Asıl soru hâlâ ortada: Hükümet küresel hesaplaşmada hayatta kalmasına yardımcı olmak için ne yapabilir?

Baerbock’un diplomatik başarısızlıkları


“Bir varmış bir yokmuş…” Bir peri masalı gibi, başlangıcın görüntüleri ve geleceğe ilerleme kararlılığıyla başlar. Ve sonra her şey tamamen farklı gitti.

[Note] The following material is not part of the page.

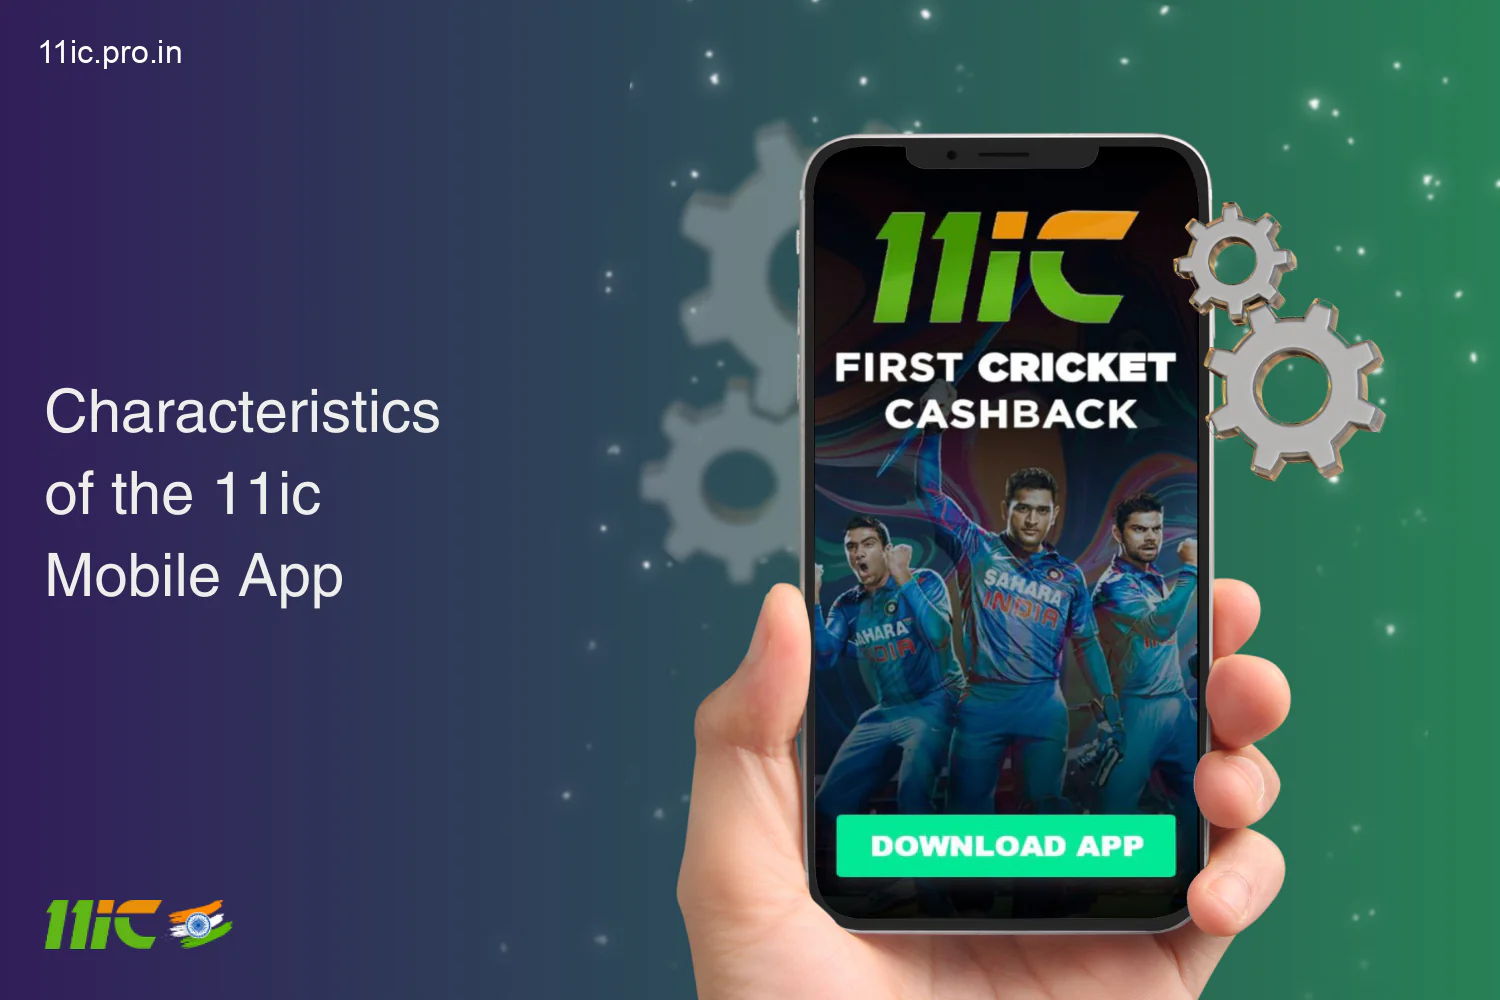 भारतीय उपयोगकर्ताओं के लिए 11ic मोबाइल ऐप पूर्ण कार्यक्षमता और उपयोग में आसानी प्रदान करता है

Ve başlangıcın büyüsü gerçeklik tarafından paramparça oldu.

Trafik ışığı hükümetinin başlamasından sadece iki ay sonra -belki de tam olarak bu geçiş döneminden yararlanmak için- Ukrayna’da savaş başladı. Trafik ışığı hükümeti, Alice Schwarzer ve Sahra Wagenknecht gibi uzmanlar tarafından kendisinin bir “savaş çığırtkanı” olarak aşağılanmasına izin vermek zorunda kaldı.

“Acil Durum – Sınırda Yönetmek” yalnızca çok fazla ilgi görmekle kalmadı, aynı zamanda yeterince eleştirel olmamakla da suçlandı. Gerçekten de Olaf Scholz, Robert Habeck, Annalena Baerbock ve Christian Lindner, Tagesspiegel’in belirttiği gibi bazen “anlam dolu, dramatik müzik eşliğinde pencerenin önünde” duruyorlar.

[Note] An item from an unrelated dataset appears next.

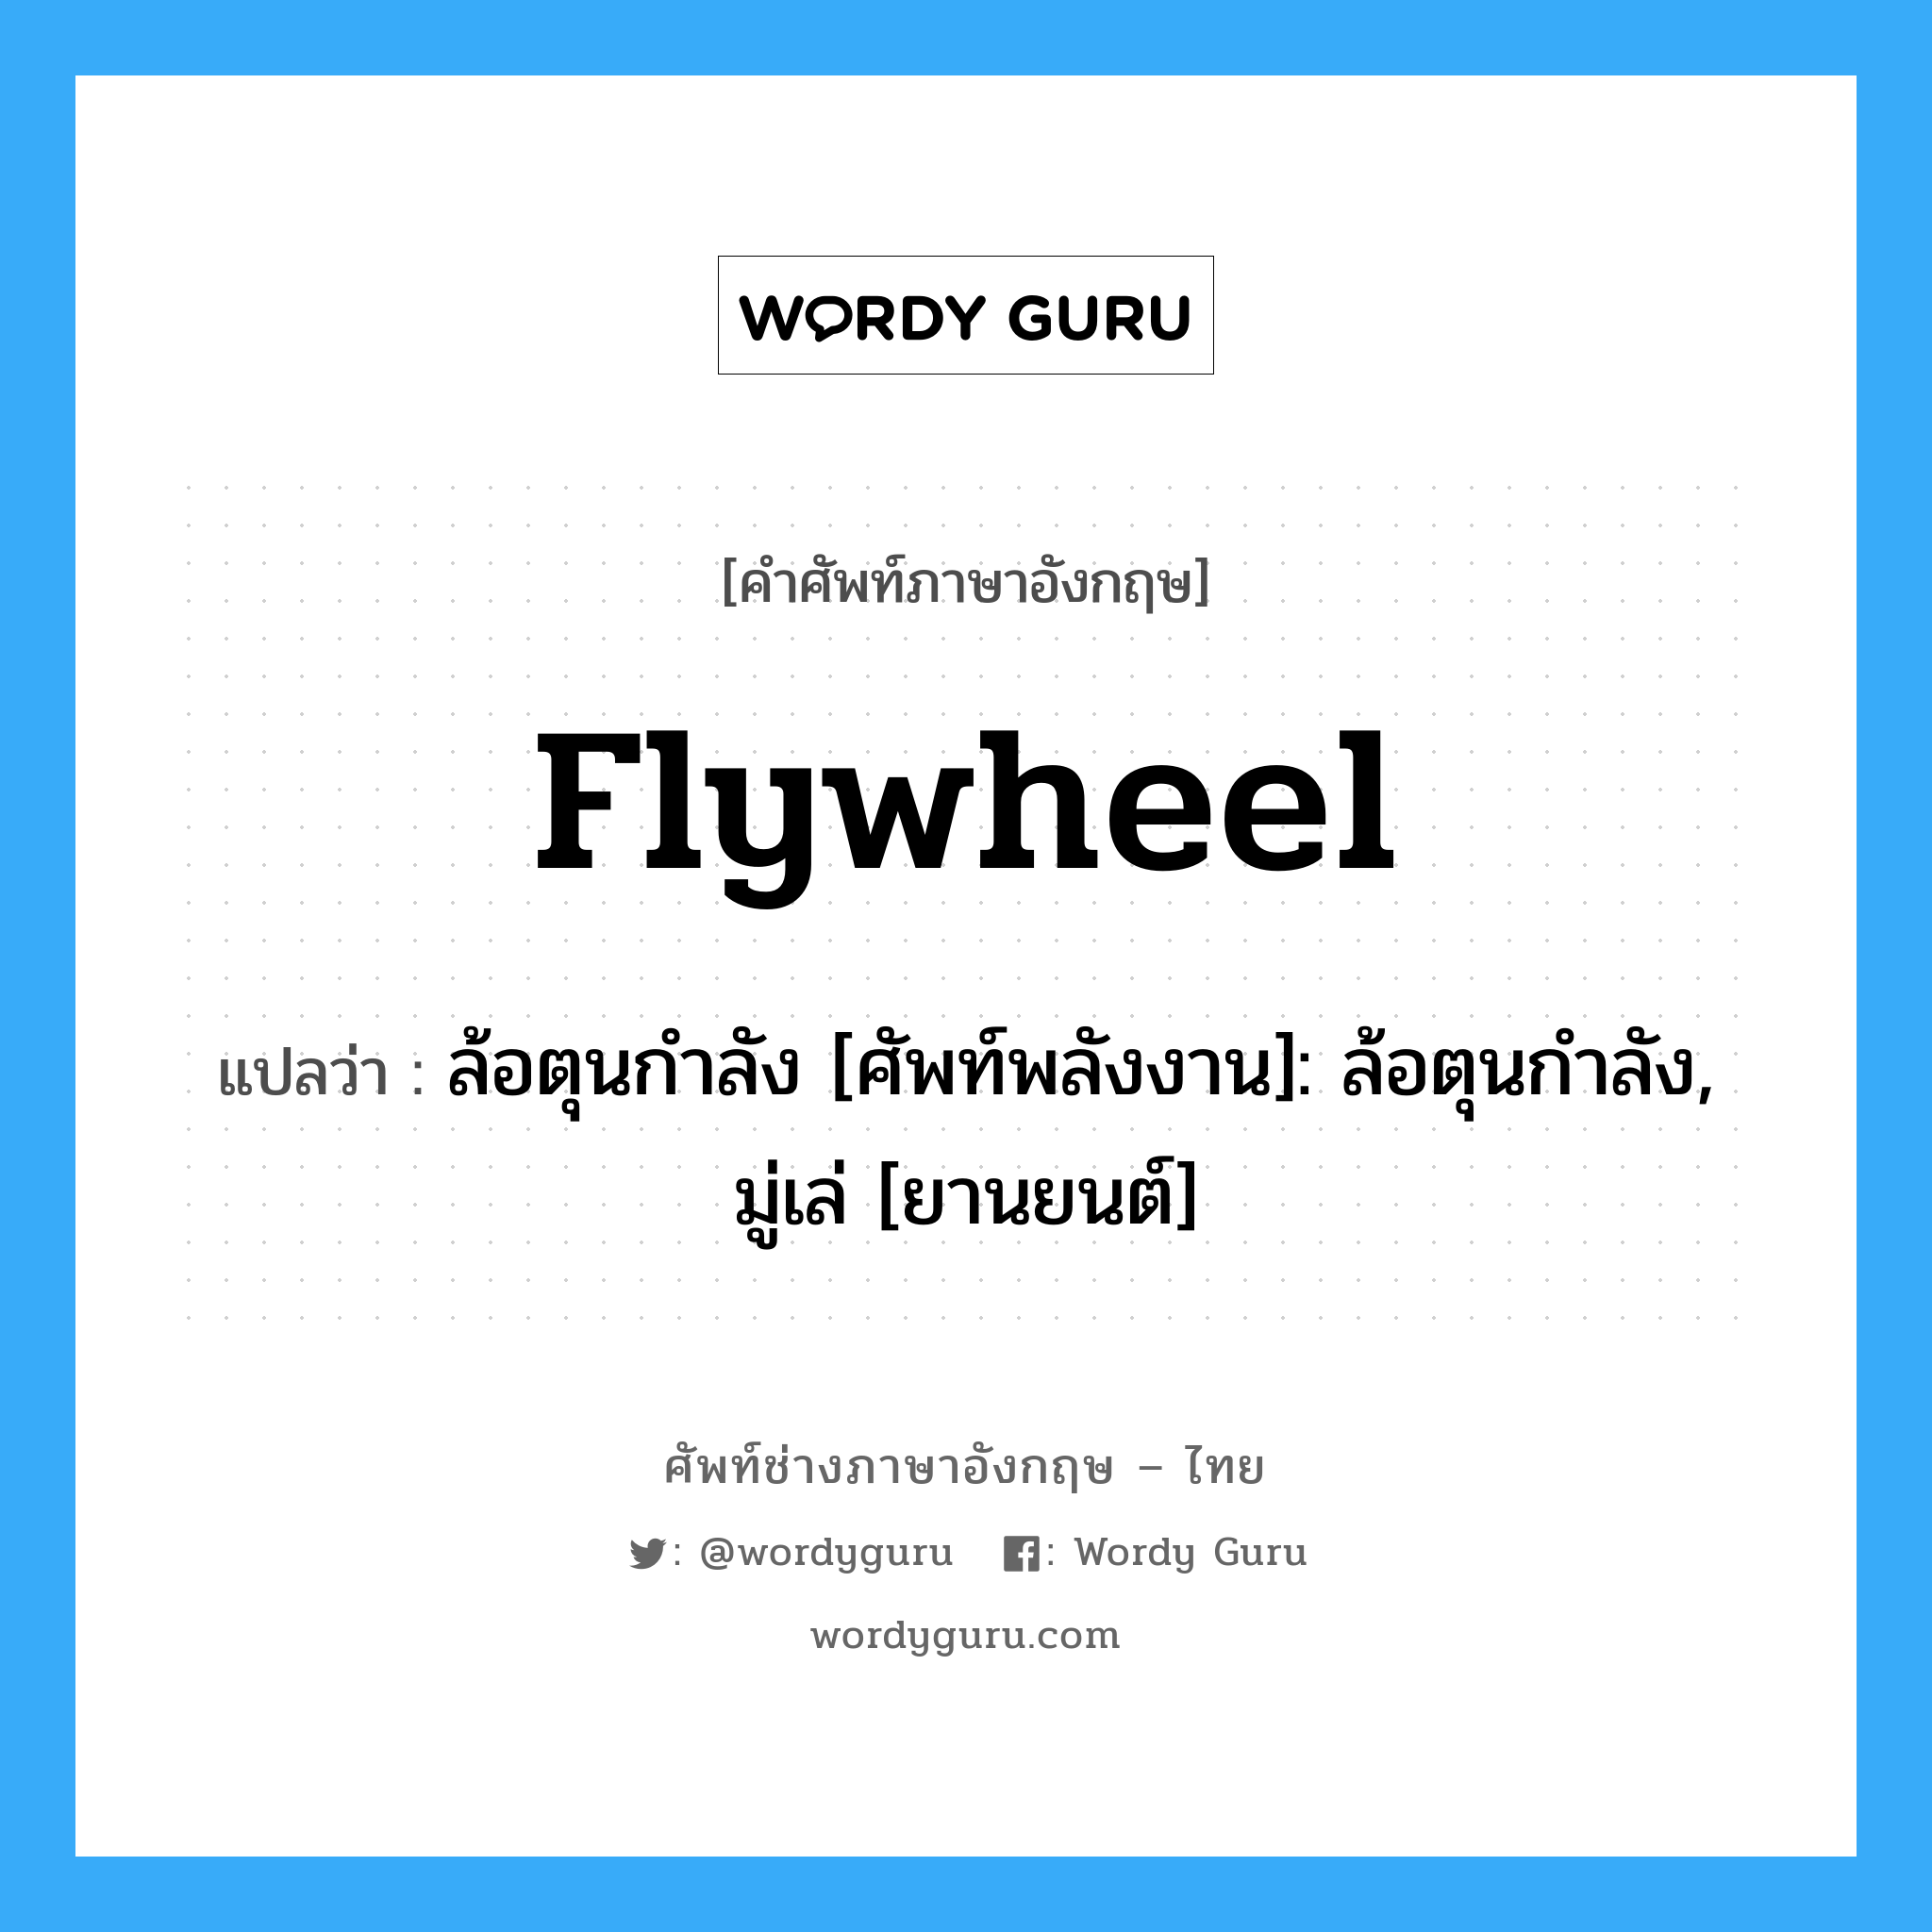 flywheel แปลว่า?, คำศัพท์ช่างภาษาอังกฤษ - ไทย flywheel คำศัพท์ภาษาอังกฤษ flywheel แปลว่า ล้อตุนกำลัง [ศัพท์พลังงาน]: ล้อตุนกำลัง, มู่เล่ [ยานยนต์]

Öte yandan Lamby de sert ve alaycı bir tavırla konuşuyor:

Koalisyon Vladimir Putin’den çok Alman sürücülerden korkuyor.
Ve Annalena Baerbock’un Çin ve Hindistan’daki diplomatik başarısızlıklarını açıkça eleştiriyor ve onun “değerlere dayalı dış politikasının” her şeyden önce retorik bir yanılsama ve özünde yanlış olduğunu açıkça ortaya koyuyor.

Ancak sonunda açıkça olumlu bir karar veriyor:

Olaf Scholz’un ekibi, İkinci Dünya Savaşı’ndan bu yana yaşanan en büyük uluslararası krizde daha kötü bir şeyin olmasını önlediği için övgüyü hak ediyor. Küçük gibi görünüyor ama değil.
Trafik ışıklarına karşı neredeyse coşkulu, olumlu bir yaklaşım sergilemekle suçlanıyor. Propaganda mı?


Önerilen editoryal içerik



Onayınız doğrultusunda harici bir kitap önerisi (Amazon Bağlı Kuruluşları) buraya yüklenecektir.